Агнесса незаметно растворилась в хоре. Оставшуюся часть акта делать ей особо было нечего — разве что танцевать или, по крайней мере, двигаться как можно ритмичнее вместе с остальными цыганами во время цыганской ярмарки. Ну и еще слушать, как герцог поет про прекрасную погоду летом в деревне. Драматически воздев руку над головой.
Она вглядывалась в закулисный мрак.
Если нянюшка Ягг здесь, то и эта, вторая, тоже неподалеку. Не надо было писать эти письма домой… А и ладно. Им все равно не удастся утащить ее обратно, как бы они ни старались…
Остаток оперы прошел без смертей — по крайней мере, без тех, что не требовались по сценарию, долгих и красивых. Правда, возникла небольшая суматоха, когда одного хориста едва не пришиб мешок с песком, который случайно столкнули с верхнего помоста работники сцены, поставленные там, чтобы предотвратить дальнейшие «несчастные случаи».
Представление закончилось бурными аплодисментами. Большая их часть предназначалась Кристине.
А затем занавес упал.
А потом опять поднялся — и так несколько раз, пока Кристина принимала цветы и кланялась.
Агнесса поморщилась.

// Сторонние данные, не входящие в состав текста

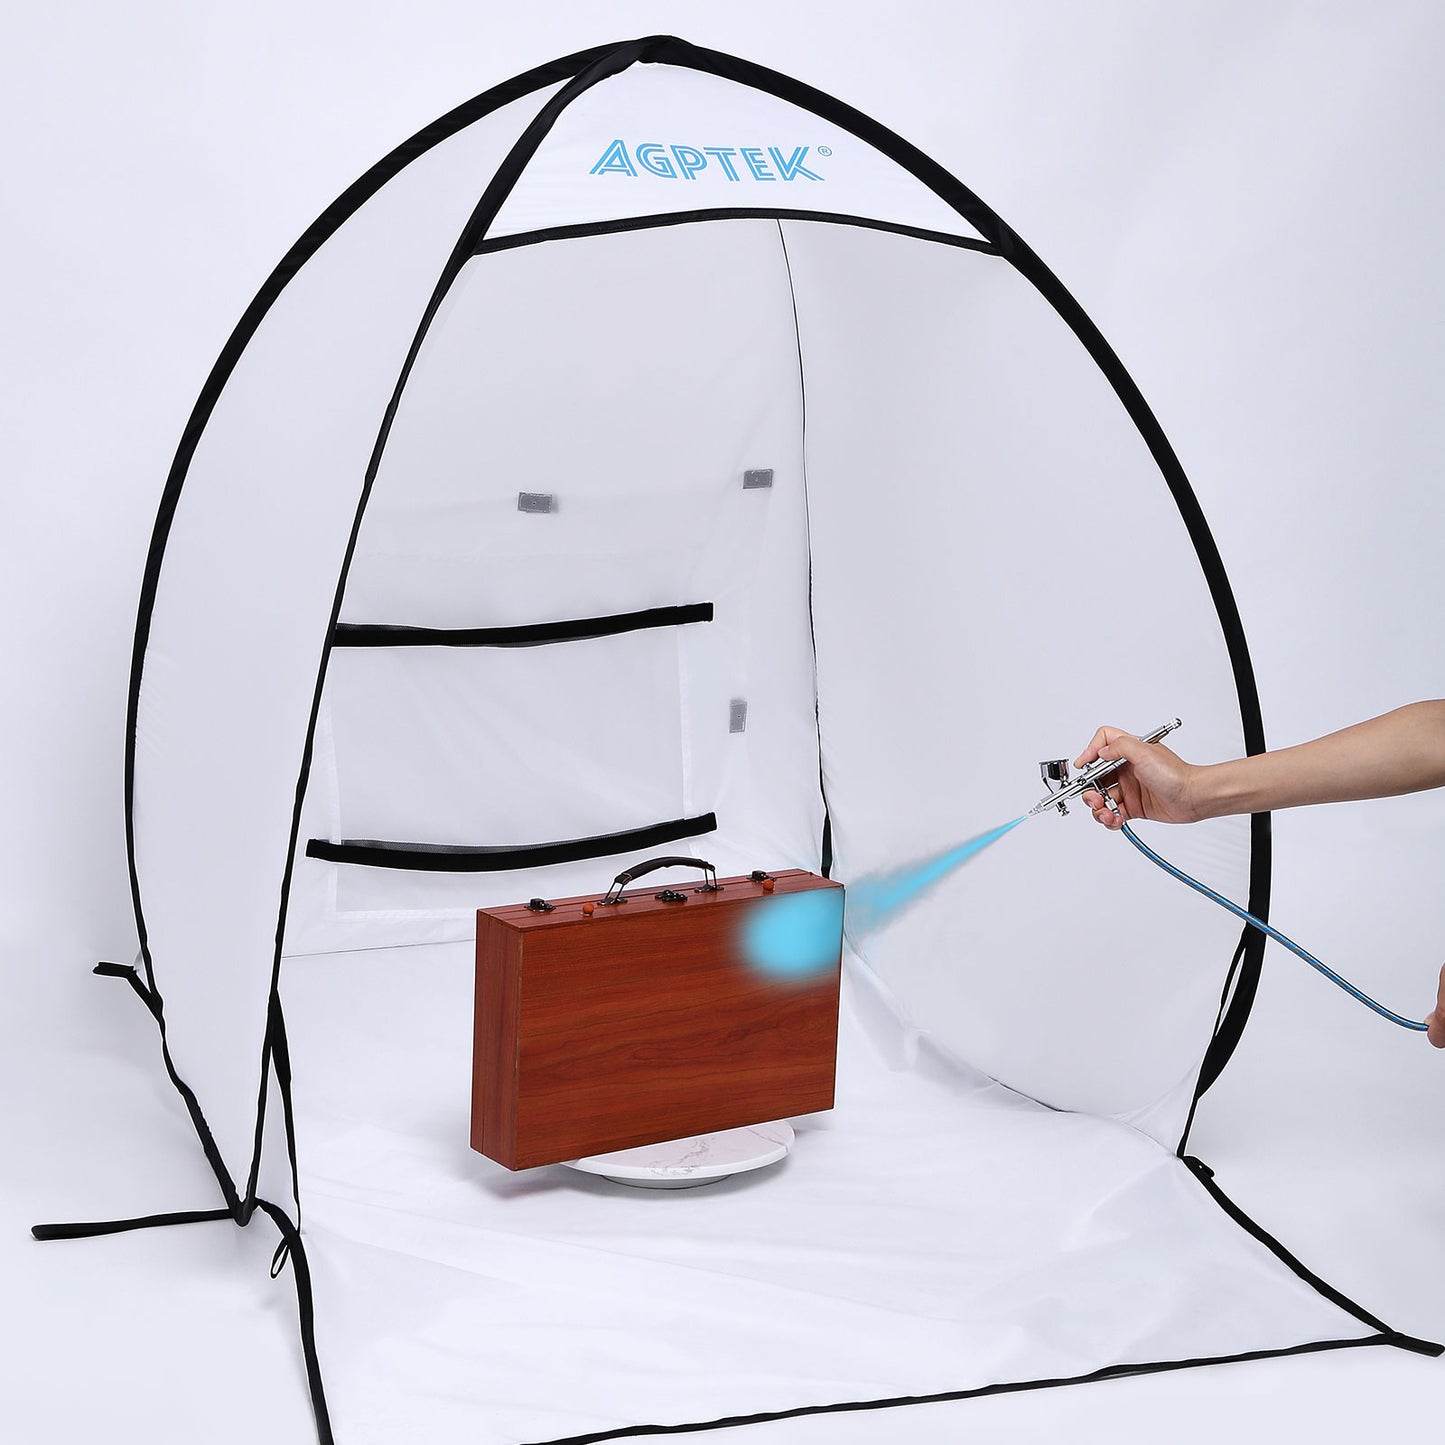 Portable Spray Paint Booth Airbrush Shelter Tent DIY Hobby

С поклонами Кристина явно переборщила — аплодисменты были вовсе не настолько жаркими. «Ага, — с готовностью подтвердила Пердита, которая смотрела через ее глаза, — кланяется, как клоун на деревенской ярмарке».

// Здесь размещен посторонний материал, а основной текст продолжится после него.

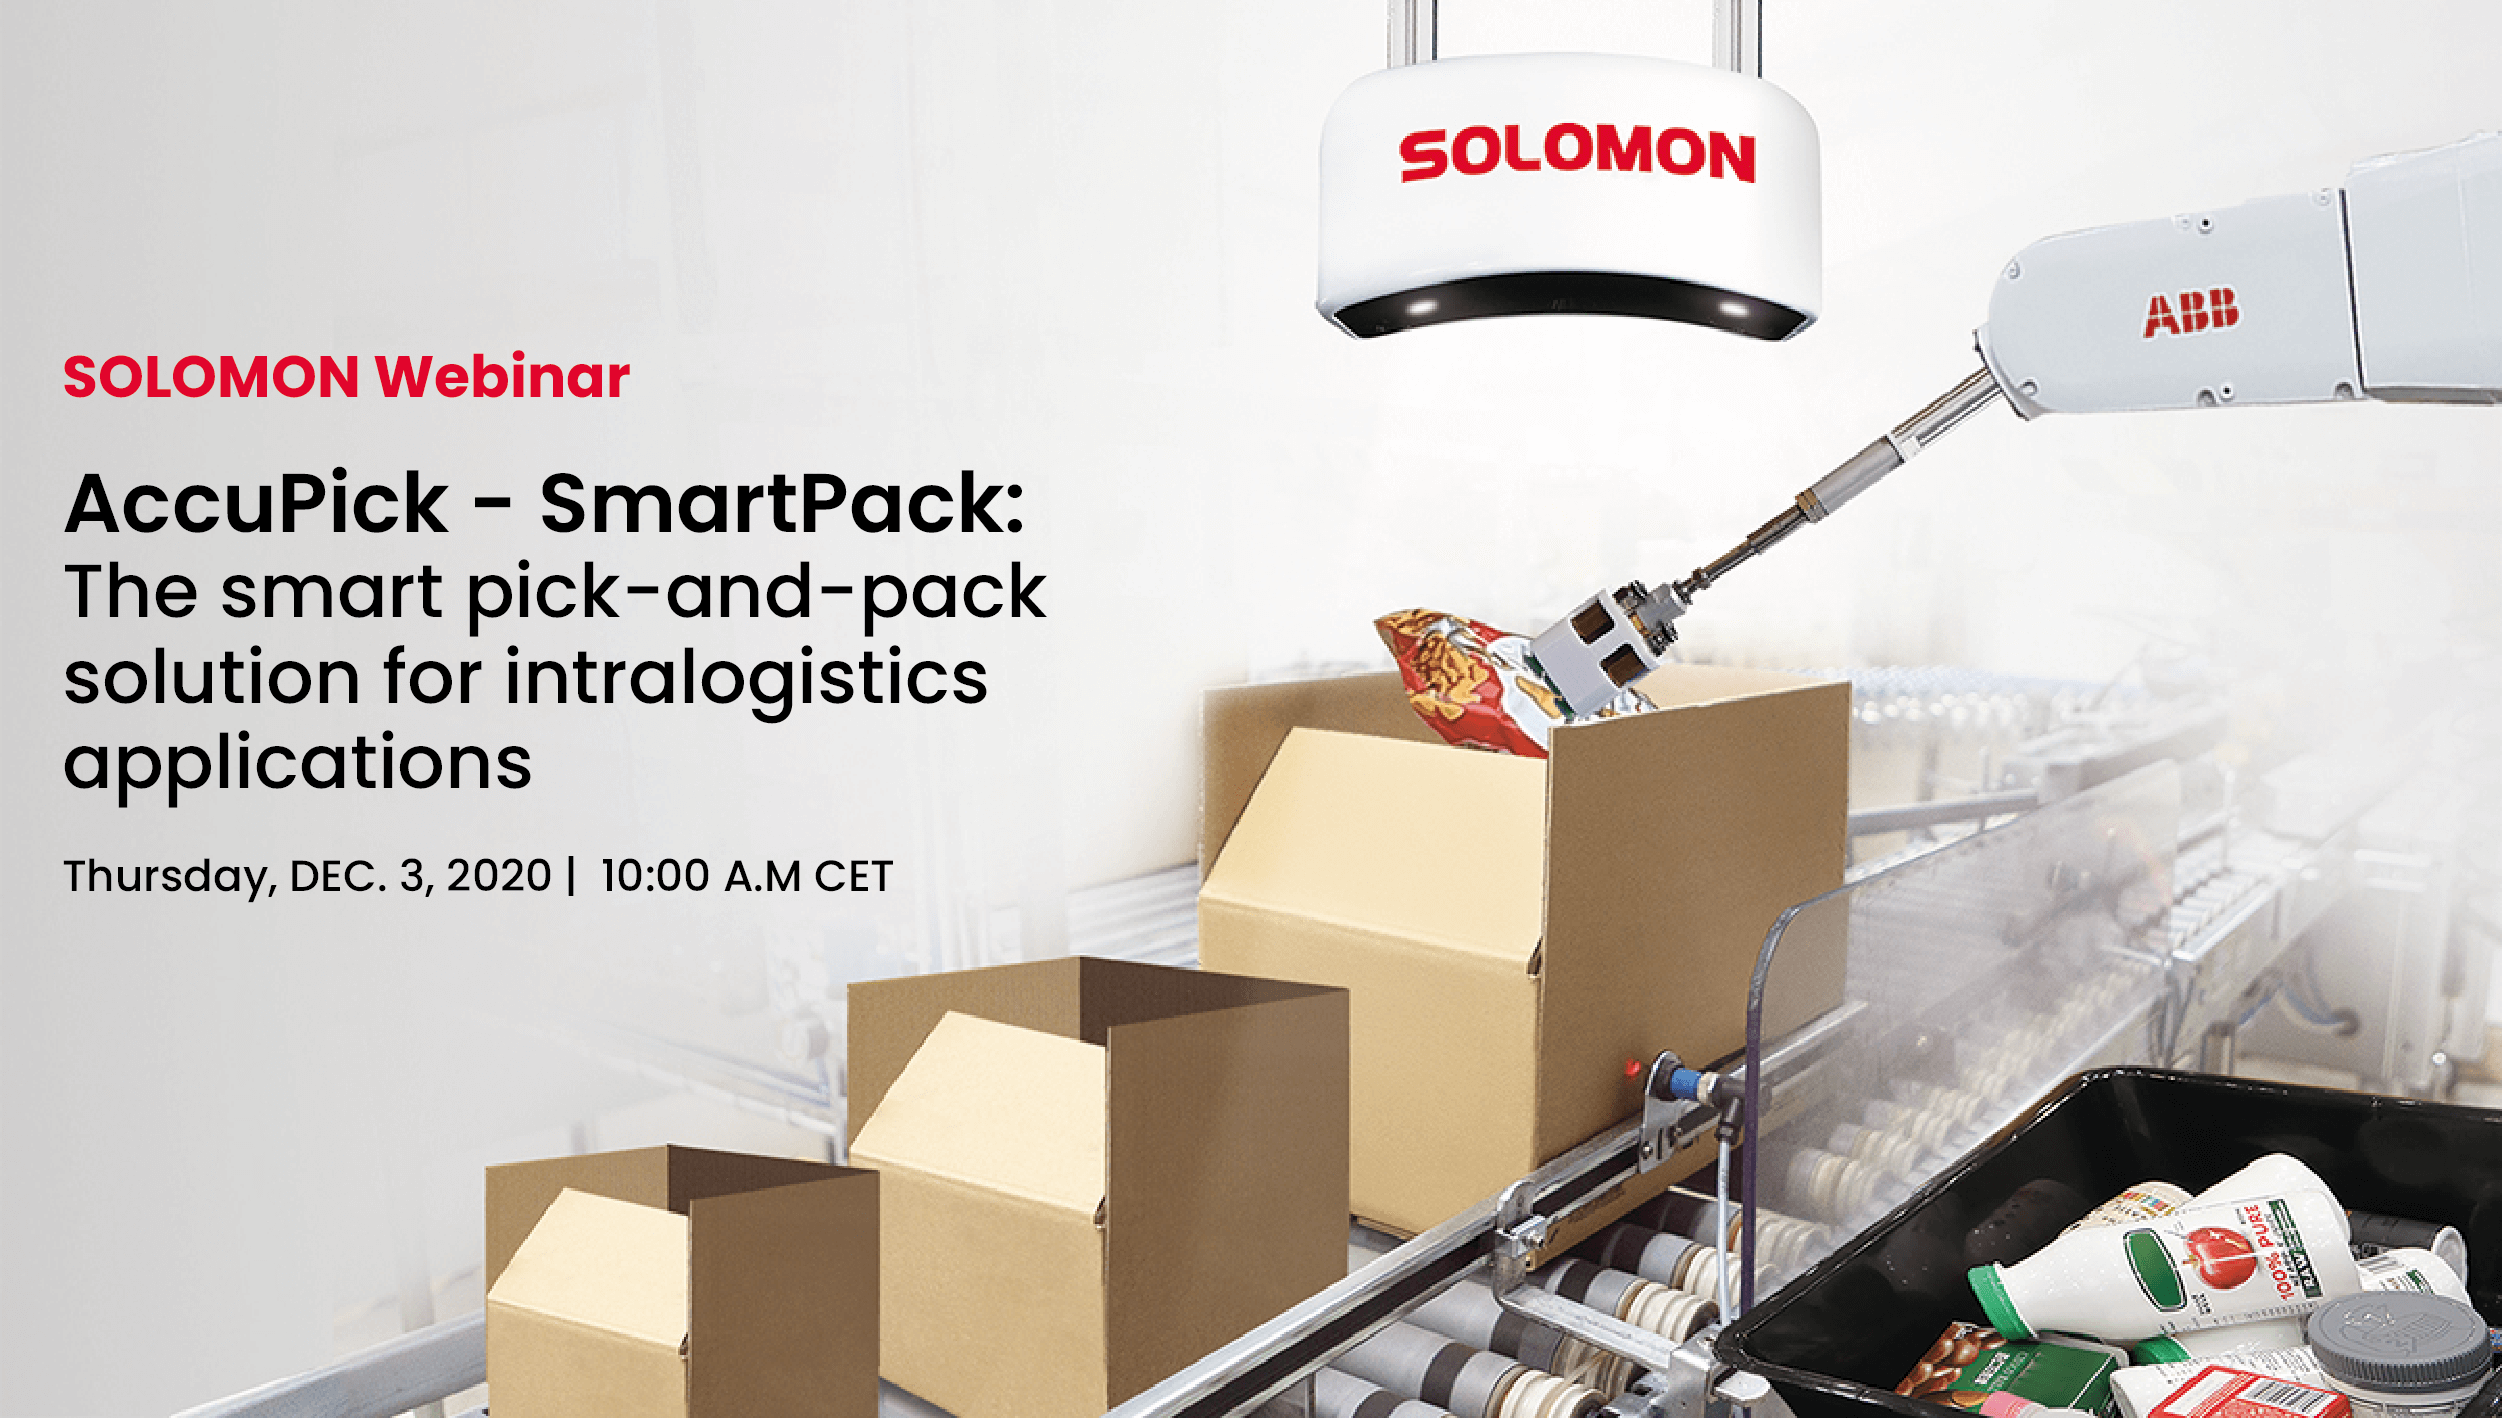 AccuPick – SmartPack: The smart pick-and-pack solution for intralogistics applications

А затем занавес опустили последний раз.
Публика разошлась по домам.
За кулисами и где-то наверху пересвистывались, подавая друг другу условные сигналы, работники сцены. В воздушном мраке исчезали целые куски мира. Кто-то обошел помещение и погасил большую часть огней. Поднимаясь, как воздушный пирог, вверх взлетела люстра. Ее подняли, чтобы потушить свечи и снять с них нагар. А затем: послышались шаги людей, спускающихся сверху…
Через двадцать минут после того, как затих последний хлопок, зрительный зал совершенно опустел. Было темно, горели лишь несколько свечей.
Послышалось клацанье ведра.
На сцену вышел (если такое слово применимо к его способу передвижения) Уолтер Плюм. Он двигался как марионетка на тонких резинках — его ноги, казалось, лишь случайно касаются пола.
Он принялся за дело. Очень медленно и очень старательно Уолтер подметал сцену.
Через несколько минут от занавеса отделилась тень и приблизилась к нему. Уолтер уставился на свои башмаки.
— Привет господин Киска! — произнес он.
Грибо потерся о штаны Уолтера. У котов прирожденное чутье на людей, достаточно глупых, чтобы снабжать их едой, а Уолтер определенно подпадал под указанную категорию.
— Пойду поищу тебе молочка а господин Киска?
Грибо мурлыкал, как гроза.
Шагая своей чудной походкой, продвигаясь вперед лишь в среднеарифметическом смысле, Уолтер исчез за кулисами.
На балконе сидели две темные фигуры.
— Грустно смотреть, — покачала головой нянюшка.
— Он работает в тепле, мать за ним присматривает, — возразила матушка. — Многим на долю выпадают вещи похуже.
— Но разве у него есть будущее? — вздохнула нянюшка, — Если задуматься, никакого.
— Я видела, на ужин у них была холодная картошка и полседедки, — сказала матушка. — А мебели вообще почти нет,
— Стыд и позор.
— И это сейчас она еще разбогатела, — согласилась матушка. — Продавая все эти ножи и башмаки, — добавила она как бы про себя.
— Мир жесток к пожилым людям, — произнесла нянюшка, матриарх огромного разветвленного клана и неоспоримый тиран половины Овцепиков.
— Особенно к таким запуганным, как госпожа Плюм, — согласилась матушка.
— Знаешь, я бы тоже всего боялась, если бы была старухой с таким вот Уолтером на руках.
— Я не о том, Гита. Я разбираюсь в страхах.
— Это верно, — заметила нянюшка. — Большинство людей полны страха.
— Госпожа Плюм живет в страхе, — словно не услышав эти слова, произнесла матушка. — Ее сознание расплющено страхом. Из-за ужаса она почти не может думать. Я чувствую, как ужас исходит от нее, будто туман.
— Но чего она так боится? Призрака?
— Пока не знаю. По крайней мере, не до конца. Но я выясню.
Нянюшка порылась в глубинах своего одеяния.
— Хочешь глотнуть? — предложила она. Откуда-то из-под нижней юбки донеслось приглушенное «звяк». — Есть шампанское, бренди и портвейн. А еще кое-что остренькое и бисквиты.
— Гита Ягг, я считаю, ты воровка.
— Вовсе нет! — возразила нянюшка и добавила с той способностью к схоластическому морализированию, которая по природе свойственна ведьмам. — Только то, что я физически что-то украла, еще не дает оснований называть меня воровкой. Я же не думаю, как воровка.